Myself, (the original poster)
I have no preference for either alphabetical or random,
for this thread.
Or for either very short phrase posts, or longer commenting posts.

I started it as alphabetical only  because I'd had the thought,  that perhaps the alphabet actually sometimes helps people to recall things.

However, I welcome and value, and very much enjoy,  the posts here with ideas recalled,
that people have come to mind, and just jot down here to share with others.

I personally value those, so I prefer to _not_ see those types of posts _excluded_, or to have any rigid rules on this particular thread.

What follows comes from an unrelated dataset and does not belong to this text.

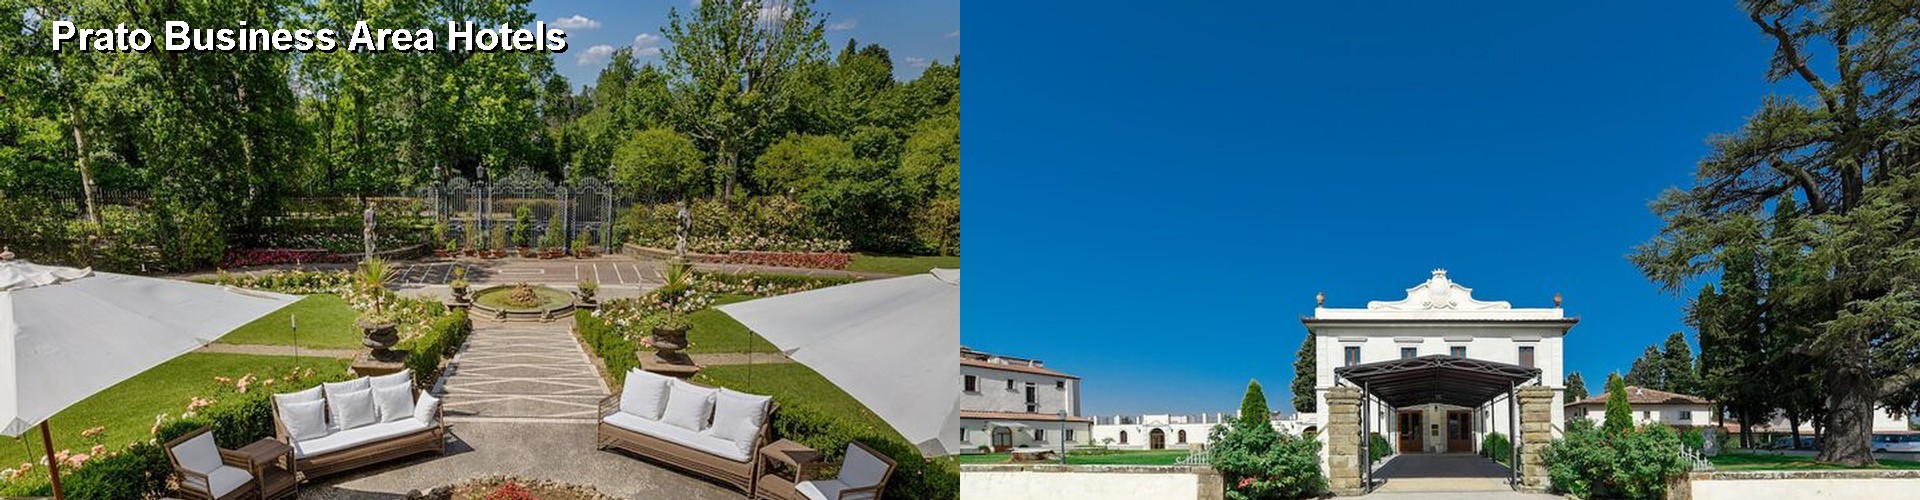 5 Best Hotels near Prato Business Area

Some of the other games have more organization and guidelines, but not all of them do, I noticed.  Some of the other game threads,
have been very successful without the alphabet,

so perhaps we should either drop the alphabet on this one, altogether,

OR, for those who want to continue with alphabet, go ahead,

while allowing other posts in between as anyone thinks of something fun or interesting to add, into the overall topic, which is the primary goal.


----------



## tinytn (Dec 21, 2019)

**I agree, Kaila.. its your game anyway. so sounds like you made a very good decision to me...
as long as we all stick to the foundation of your nice Remembrance Game.. its a fun game and brings back old memories..

Remember the old tyme
Classic  Diners?  a teenagers hangout..Its rare to find any now a day..


----------



## Kadee (Dec 21, 2019)

chic said:


> Vicks vaporub. They only sell it in India now. Don't ask me why. Our mothers used to slather our chests with it when we were kids and had bad coughs. I still have a jar which I am hanging on to for dear life. I love my Vicks.
> 
> W or whatever?


@chic Vick’s vapour rub is still available at all supermarkets and chemists in Australia..... I still have an old glass jar of it that must be over 40 years old


----------



## Kadee (Dec 21, 2019)

A tuck shop right across the road from the school ,no such things as a canteen in the school grounds


----------



## Sunny (Dec 21, 2019)

I think the advantage of "alphabetical" is that it helps to prevent repetitions of the same thing. It can still happen alphabetically, of course, but it happens less often.  This is a nice thread, an interesting idea, and I hope to see it continue either way.

W - Washboard, which all of our mothers had and used regularly.

A


----------



## Kaila (Dec 21, 2019)

Thanks for everyone's input and ideas and posts, that are all good to see.

W -
I know there already is a good post here above, for the letter "W"
and I also wanted to add another one, because I thought of it, and wanted to share it with others....

Wallpapered walls! 
  I remember how varied and interesting all of those wallpaper patterns were!
And when people were ready to paint or wallpaper anew, they would peel some of the old ones off, and find layers of history, underneath.
I loved the wallpaper books, with the samples to choose from, which included matching paper patterns, and a wallpaper strip, for along the border of the room ceiling, which I like then, as well.

Flexibility might be good for this particular thread.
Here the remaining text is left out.